GEGGL Insider Filing: President Kleinman Receives Restricted Stock; Holdings Adjusted
Rhea-AI Filing Summary
Adam M. Kleinman, President and director of Great Elm Group, Inc. (ticker: GEGGL), reported two transactions in common stock in September 2025. On September 19, 2025 he was awarded 22,977 restricted shares, one-quarter of which vested immediately and the remainder vest in equal annual installments on September 20th each year through September 20, 2028, contingent on continued employment.

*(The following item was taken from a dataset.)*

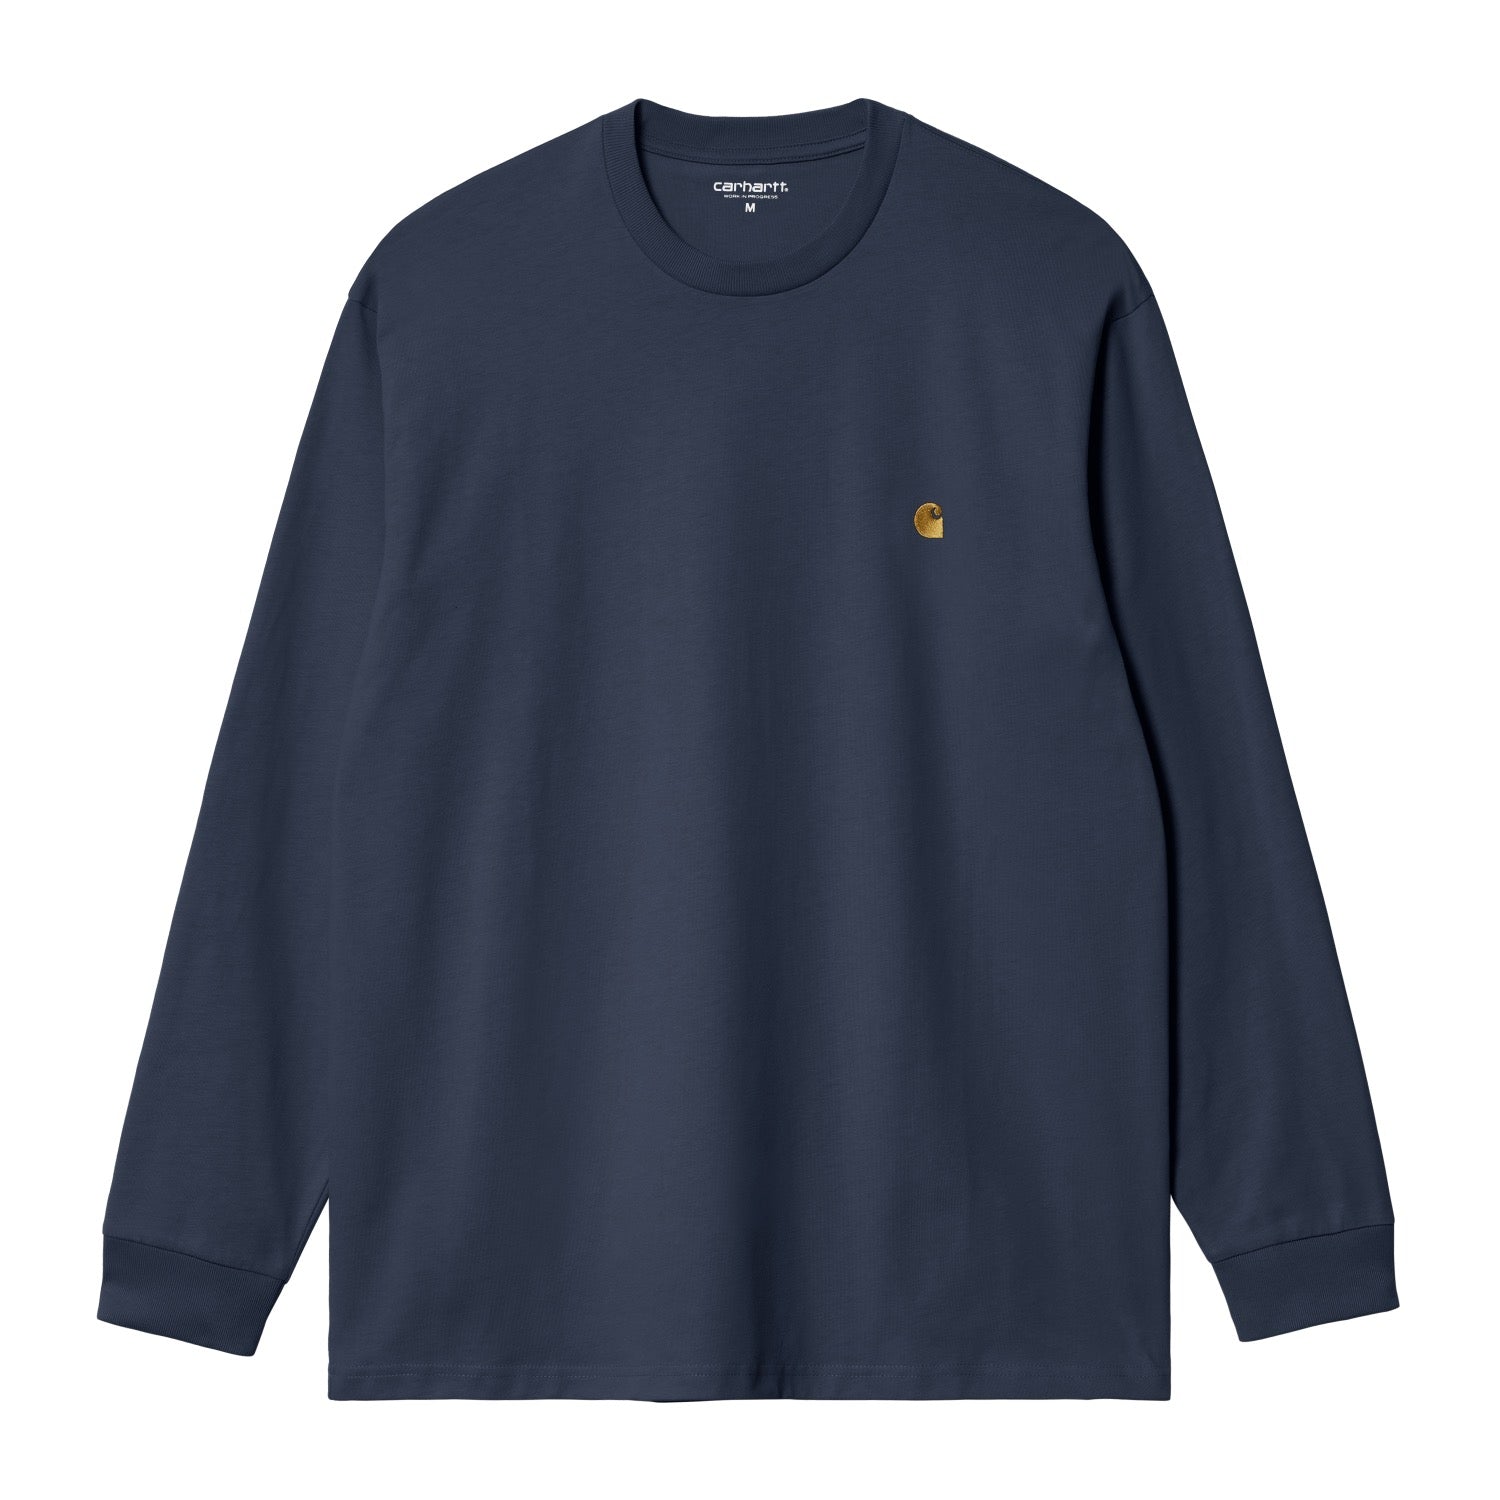 L/S CHASE T-SHIRT - Blue / Gold

On September 23, 2025 the form reports a net share settlement of 18,313 restricted shares in connection with vesting, reported at a price of $2.80. Following the September 19 award his beneficial ownership was reported as 603,707 shares, and after the September 23 transaction his holdings were reported as 585,394 shares. The filing states the net settlement is exempt under Rule 16b-3.
Positive
- Restricted stock award of 22,977 shares granted, increasing reported beneficial ownership to 603,707 shares
- One-quarter vested immediately on grant date, providing immediate alignment with the company
Negative
- Net settlement of 18,313 shares on 09/23/2025 reduced reported holdings to 585,394 shares
- Transaction recorded at $2.80 per share, indicating shares were disposed of in the net settlement
Insights
TL;DR: Routine insider equity award with standard multi-year vesting and subsequent net share settlement for vested awards.
The filing shows a common executive compensation pattern: a restricted stock grant with immediate partial vesting and scheduled annual vesting through 2028, aligning future compensation with continued service. The net share settlement of vested awards on September 23, 2025 reduced reported beneficial ownership from 603,707 to 585,394 shares; the filing cites Rule 16b-3 exemption for such settlements. This disclosure is administrative and customary for executives receiving restricted stock.
TL;DR: Transactions are administrative and non-cash in nature; limited immediate market impact disclosed.
The reported award of 22,977 restricted shares (9/19/2025) and the net settlement of 18,313 shares (9/23/2025) change the insider's reported stake from 603,707 to 585,394 shares. The 9/23 transaction is recorded at $2.80 per share; the form does not present cash proceeds or reason beyond being an exempt net settlement under Rule 16b-3. For investors, these are routine insider compensation entries rather than signals of material corporate events.